Duty to disclose material facts – items listed on repair request

QUESTION: I represent a seller. The house went under contract and the buyer engaged a home inspector. During the due diligence period, the buyer submitted a Due  Diligence Request and Agreement (Standard Form 310-T) that listed several requested repairs. Some of the repairs were significant (an HVAC unit that must be replaced)  and some were extremely minor (door stops that needed adjusting). The parties were unable to reach agreement on the repairs and the buyer terminated the contract. Now  that the house is back on the market, do I have to disclose all of the items that were listed on the first buyer’s Form 310-T, even the minor ones?

ANSWER: The general rule, which is codified in both the North Carolina Real Estate License Law and the REALTOR® Code of Ethics, is that real estate agents must make a  full and prompt disclosure of all facts that are material to a transaction they are involved in. The duty of disclosure relates not only to material facts the agent knows but also  to material facts about which the agent should reasonably have known.

Defining what facts are material is admittedly difficult. In the Real Estate Manual published by the North Carolina Real Estate Commission, the authors write: “[A]ny definition  necessarily will be somewhat vague because the concept is intended to have broad application, thereby defying specific definition.
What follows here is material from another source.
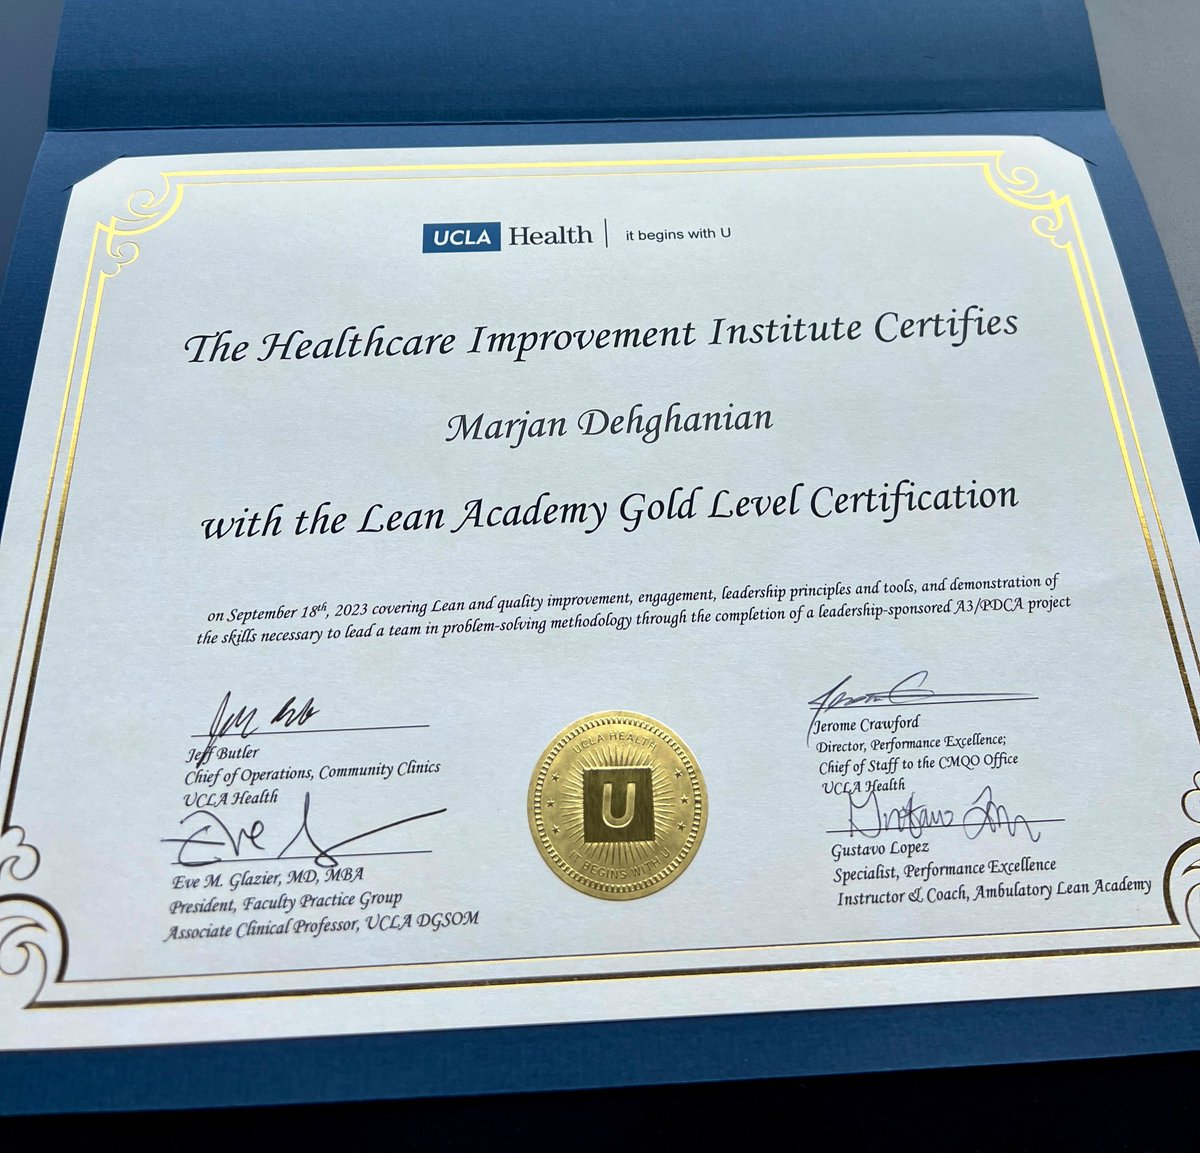 I am so grateful be a part of #UCLA Lean Academy and to have the opportunity to learn from such superb leaders. Our recent project on #ContinuityOfCare was incredibly important and highlights the critical role that primary care plays in our healthcare system.

This is complicated by the fact that a given fact may be considered “material” and require disclosure in one context, but not in another. In its broadest sense, a “material fact” may be said to be any fact that is important  or relevant to the issue at hand.”

When dealing with facts about the property itself, the Real Estate Manual states that any “significant property defect or abnormality” is a material fact. Examples given are a  structural defect, a malfunctioning system, a leaking roof, or a drainage or flooding problem.

Applying this guidance to the facts here, it is important to distinguish between what the listing agent was told and what the agent knew. If the buyer in this case merely  requested that the HVAC system be replaced without providing a report by a qualified inspector, the listing agent arguably does not know that the HVAC unit really requires  replacement. However, at a minimum, the request for this “repair” is a red flag and the listing agent should inquire further. If buyer number one did provide an inspection  report that noted a faulty HVAC unit, or if the agent confirms a problem with the HVAC unit, the agent would clearly have a duty to disclose that defect to subsequent buyers.  It does not matter that this fact was not known when the property was originally listed for sale, nor does it matter that a previous buyer (or their inspector) was the source of  the listing agent’s knowledge.

In contrast, just because the listing agent has learned that some door stops may need adjusting does not transform that exceedingly minor “defect” into a material fact. That is not something that needs to be investigated further or disclosed to subsequent buyers. Other examples of non-material defects include a dripping faucet, and cosmetic items  like scratches on a hardwood floor and cracked ceramic tiles.